Despite rising energy costs and operational uncertainties stemming from the Middle East conflict, Germany's industrial production unexpectedly increased for a second month in a row during May.
The Federal Statistical Office (Destatis) reported on Tuesday that economic output grew by 0.9% in May compared to the previous month, following a 0.2% increase in April. This marks the highest level since March 2025. Economists had broadly anticipated a decline of 0.2%.
Destatis noted that within the less volatile three-month comparison period, production from March to May was 0.1% higher than in the preceding three months.
The agency added that the output growth was primarily driven by a notable expansion in the automotive sector and a recovery in construction. Production in energy-intensive industries also contributed to the positive momentum.
A rebound in factory orders during May helped drive the production increase, potentially signaling a future recovery in economic activity. The easing of U.S.-Iran tensions since June is also expected to support production, with falling oil and gas costs providing some relief to Germany's energy-intensive industrial sectors.
However, Sebastian Wanke, an economist at the KfW Research Centre, pointed out in a report that the ongoing Middle East conflict complicates the interpretation of German industrial data.
He stated, "The effects of advance purchases due to fears of supply shortages are being offset by a cautious sentiment triggered by concerns about the future."
Following a multi-year slump that began even before the pandemic, Germany's industrial sector is expected to achieve a modest recovery this year.
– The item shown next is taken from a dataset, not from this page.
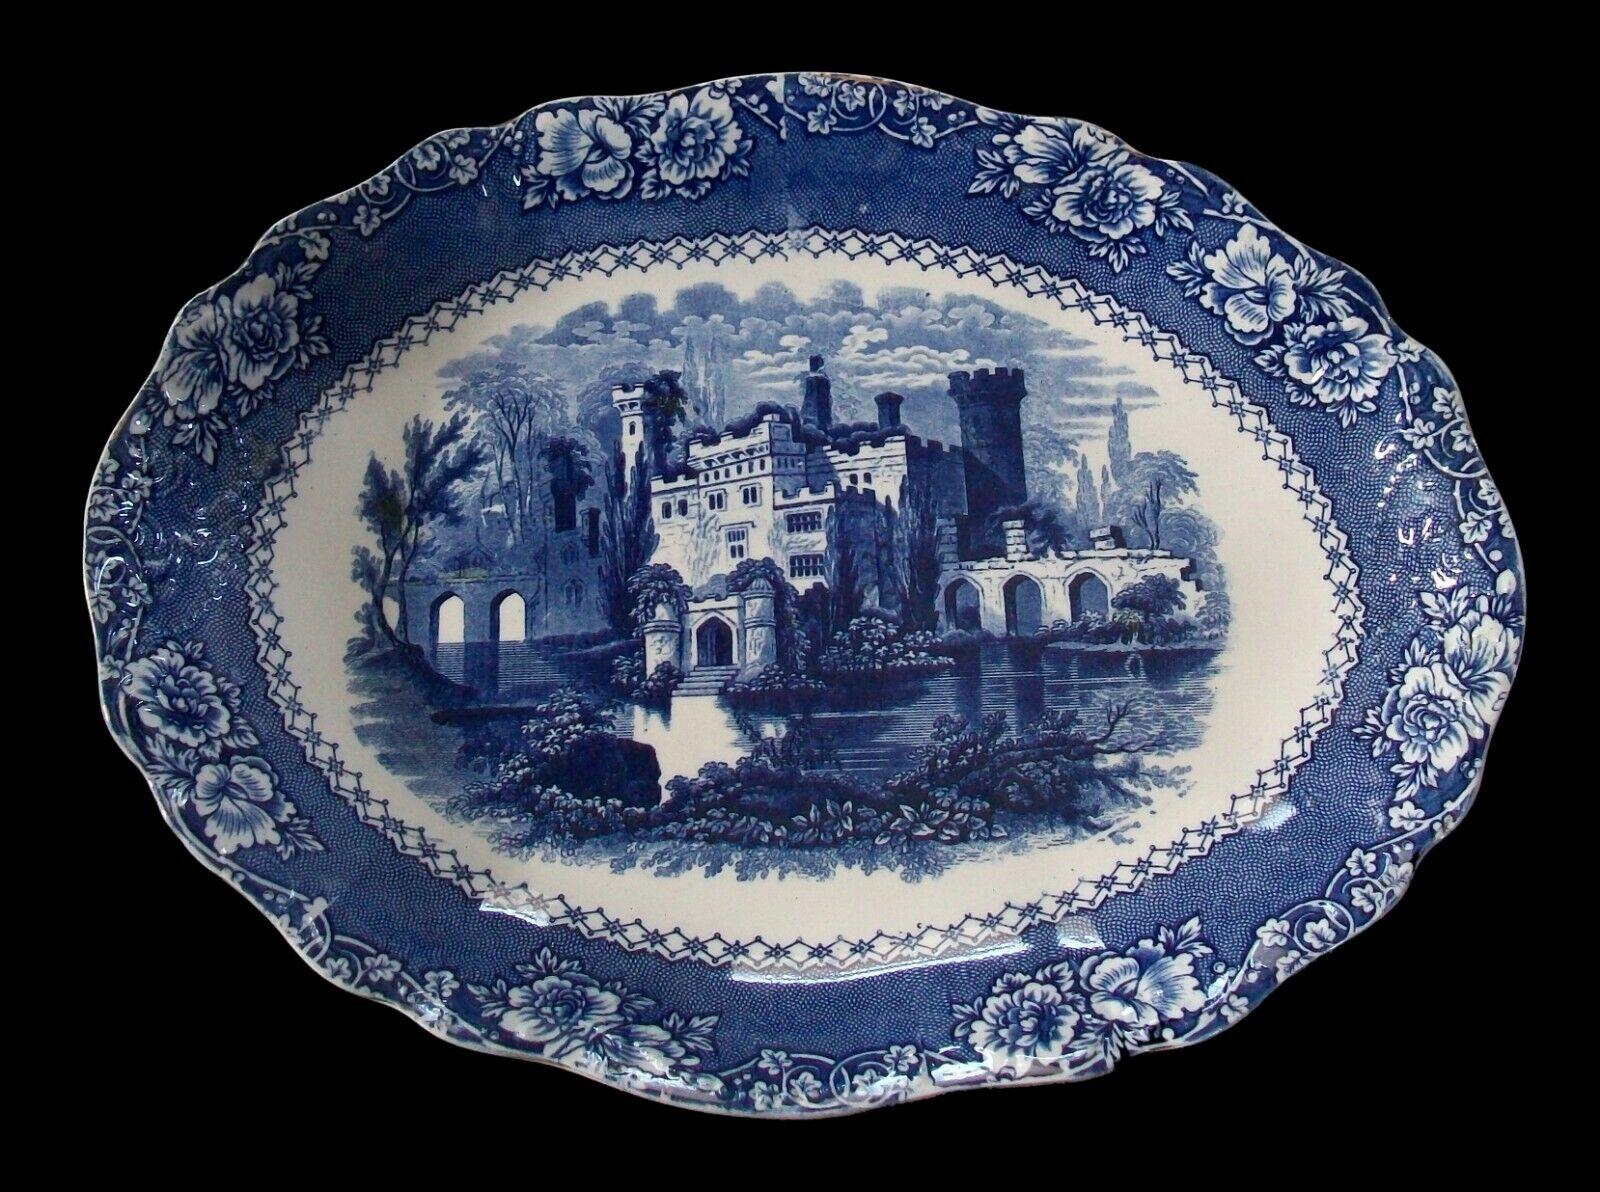 ALHAMBRA (nom du modèle) - plateau ou plateau en grès de Staffordshire, de style victorien, décoré par transfert de bleu - avec un château au centre et une bordure à motif floral - poignées en relief à chaque extrémité - glaçage brillant dans

Optimism has been further bolstered by the government's pledge last year to invest over one trillion dollars in defense and infrastructure development.
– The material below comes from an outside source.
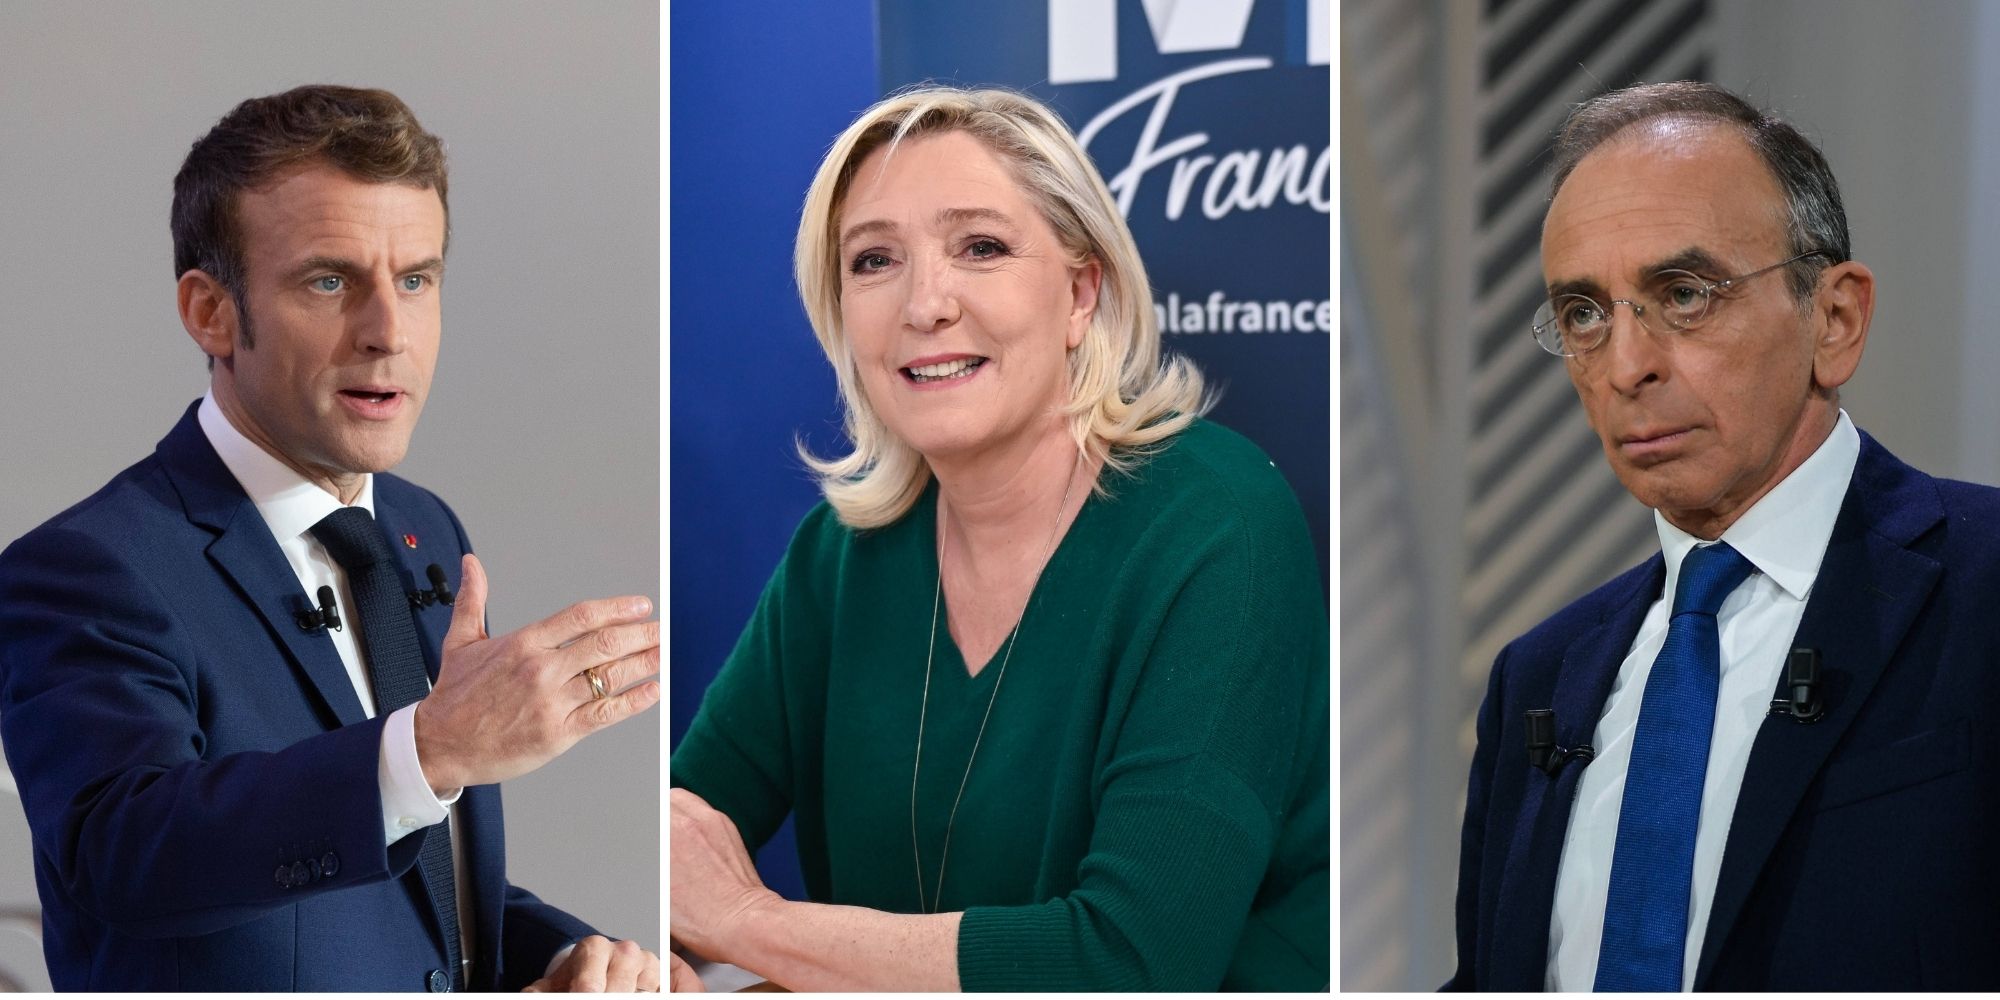 France-Élection : Macron fait du Chirac contre la “banalisation” de l’extrême droite

Nevertheless, the war in Iran has heightened downside risks to economic growth. Furthermore, higher borrowing costs following the European Central Bank's interest rate hike in June to prevent broader inflation triggered by rising energy prices could also constrain the industrial outlook.
Despite this, many economists anticipate that the German central bank's focus will shift from inflation risks to slowing economic growth in the coming months. A sustained recovery in German industry is seen as crucial for boosting the overall eurozone economy.
Last month, the European Central Bank revised down its growth forecasts, projecting the eurozone economy to expand by 0.8% this year and 1.2% in 2027.
Yet, signs of Germany's industrial recovery are gradually strengthening. In June, the Ifo Institute reported an uptick in business optimism as geopolitical tensions eased.
In a report, Ralph Solveen, a senior economist at Commerzbank, indicated that higher output and orders suggest the German economy avoided contraction in the second quarter despite high costs and prevailing uncertainties.